Analogy and humor are both rhetorical devices that result from a form of semantic incongruity, making them a naturally compatible pair. Incongruity is at the heart of humor. Incongruity theory is the fundamental theory of humor that most cognitive psychologists apply when examining its construction and effects. In Arthur Koestler’s 1964 work, The Act of Creation, he explains how humor results from the simultaneous activation of two seemingly incompatible schemas, or frames of reference in the mind. We “bissociate” the two schemas momentarily, and then must activate some additional piece of information to reconcile the two and make then fit together. This incongruity, followed by reconciliation, is what results in an explosion of mirth or laughter.
Analogies and metaphors lend themselves to the efficient construction of humor, as they explicitly rely on pairs of schemas or frames of reference that seem incongruous on first glance. Like humor, analogies require a resolution of that incongruity to be understood. According to Osborn and Ehninger (1962), “By relating divergent ideas, objects, or qualities, the receiver reduces the semantic distance between them, and they are brought into proximity of meaning sufficiently close so that the common base or ground upon which they rest is recognized” (p. 231). In analogies, the first schema (or frame of reference or mental model) pertains to the new thing you’re trying to understand (e.g.; the wage gap), and the second is the schema of the thing you already understand (e.g. taking a dump on a desk). By looking at the first thing (wage gap) through the lens of the second (defecation), not only is that first thing suddenly simple and distilled, but it is also encoded with valence:
Defecation on a desk = bad, regardless of the size of that defecation.
Wage gap = bad, regardless of the size of the gap.
According to Lakoff and Johnson’s Conceptual Metaphor Theory (CMT), the second frame of reference — the one that is familiar and tangible (the dump, in this case) — serves as the “source domain.” It consists of attributes, processes, and relationships that are directly experienced, and so are familiar and accessible to the listener.
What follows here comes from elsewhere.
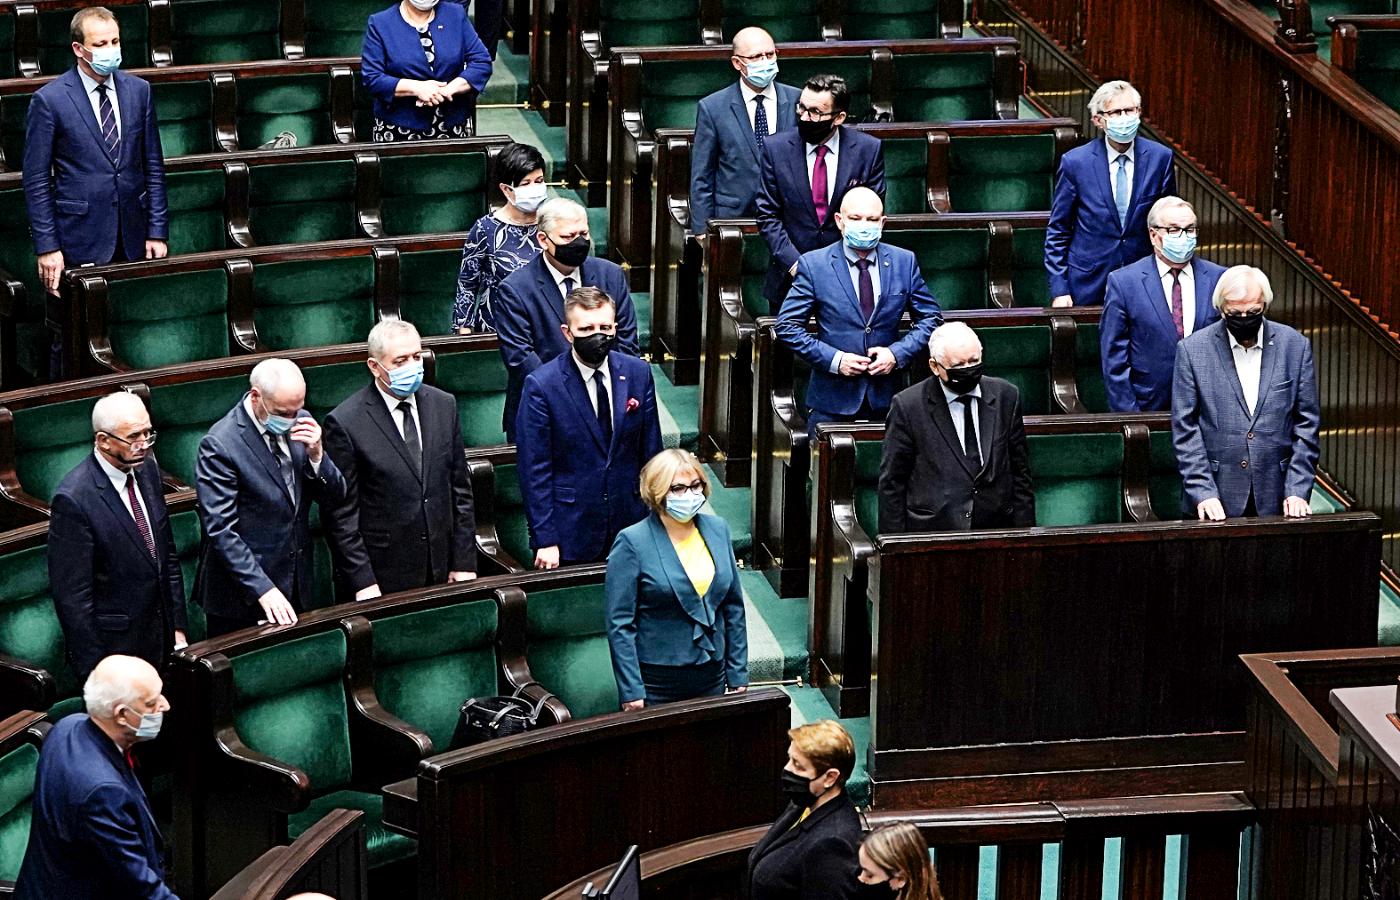 To symetryzm przez lata powodował, że partia Kaczyńskiego była traktowana jak normalne ugrupowanie w demokratycznym porządku i taką się po tych zabiegach w oczach wielu stała.

When processing such experiential analogies, listeners will access the source domain and attempt to use it to impose order and meaning on new or lesser-developed schema, known as the “target domain.” As Deignan explains, “the way we mentally organize the target domain is partly determined by the organization of the source domain” (Deignan, 2010, p. 45).
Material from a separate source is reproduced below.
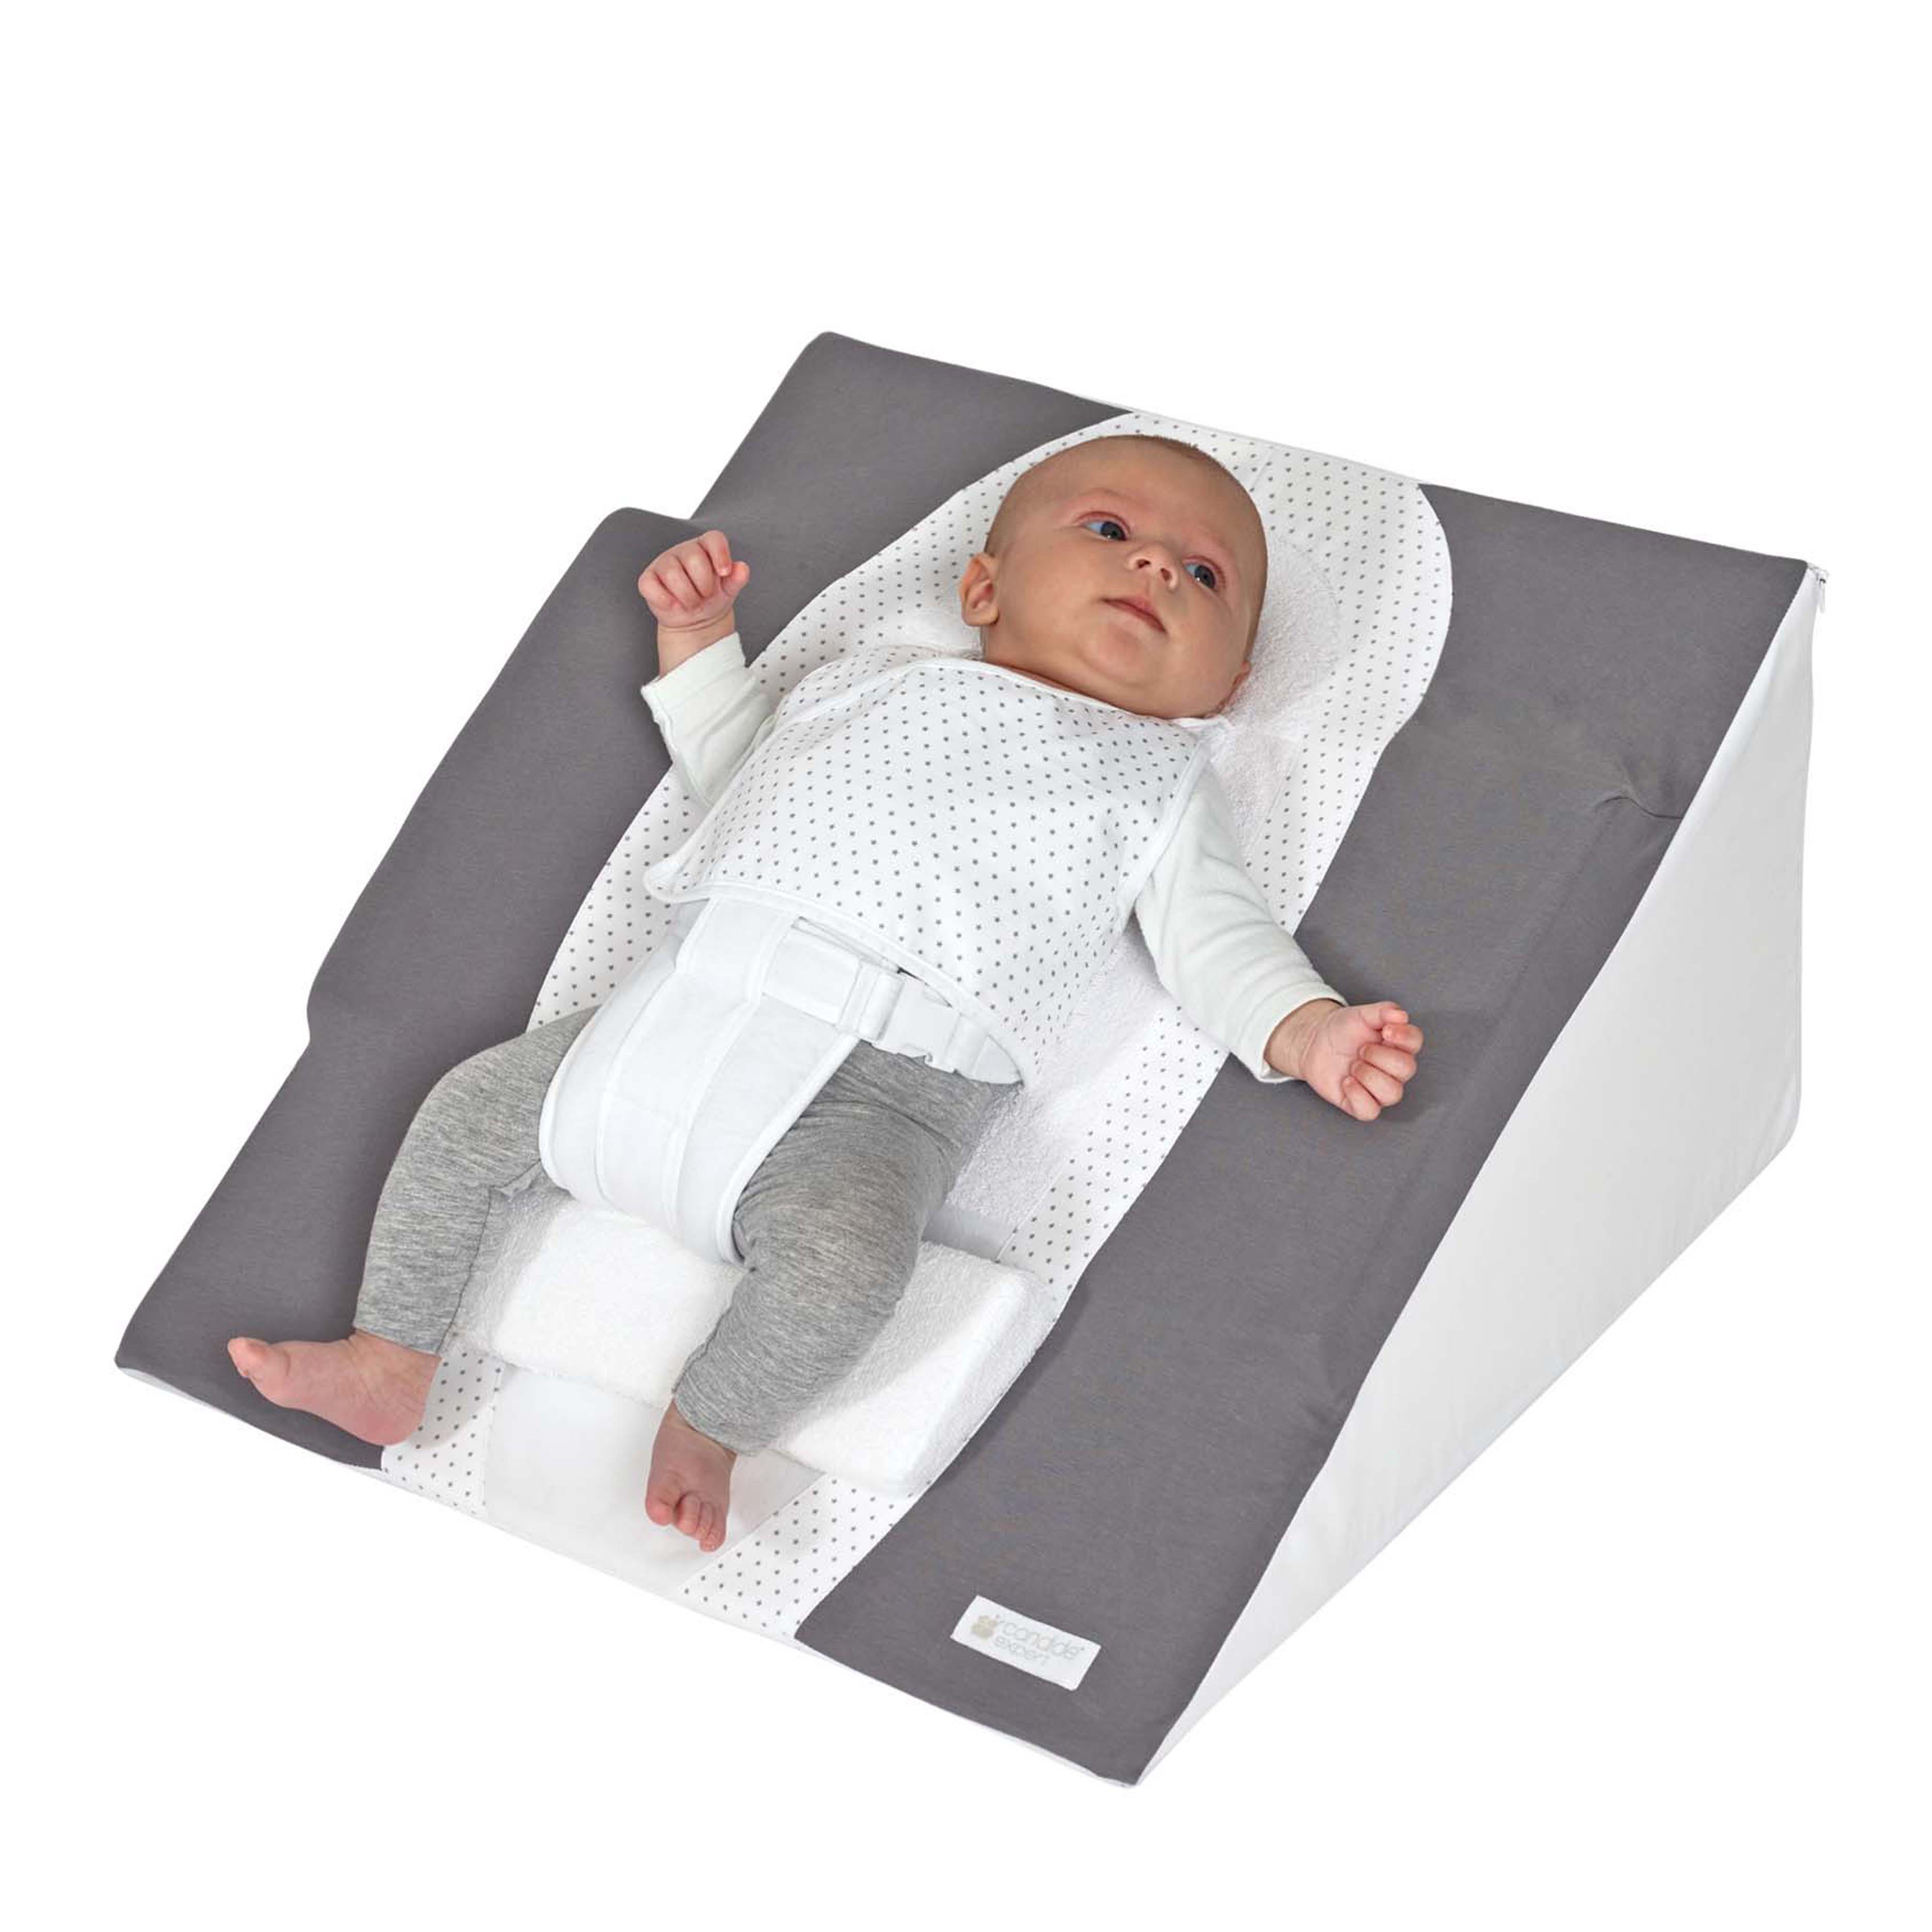 Quand et comment faire dormir son bébé sur un plan incliné ?

So powerful are metaphors, argued Stanford Communication Professor Arthur Hastings (1970), that a shift in the base domain (or language) used to understand a target domain will change all accompanying perceptions and beliefs accordingly. “In satire, a consistent but emotionally appropriate framework is superimposed on a situation in contrast to the normal interpretation” (Hastings, 1970, p. 185). When a metaphorical situation is introduced, the appropriate framework moves into consciousness and provides a new interpretation and emotional response. And once a situation (e.g., the wage gap) is understood in terms of the base domain (e.g., defecation on a desk), the target is forever changed. Linguistics Professor, Jonathan Charteris-Black (2011), suggests that, “Rhetorically, metaphors contribute to mental representations of political issues, making alternative ways of understanding these issues more difficult and in so doing ‘occupy’ the mind” (p. 28).
In other words, once an audience has imposed “desk-defecation” on top of the wage gap schema, the “size” of the wage gap fails to matter, as the “size” of the dump doesn’t matter at all.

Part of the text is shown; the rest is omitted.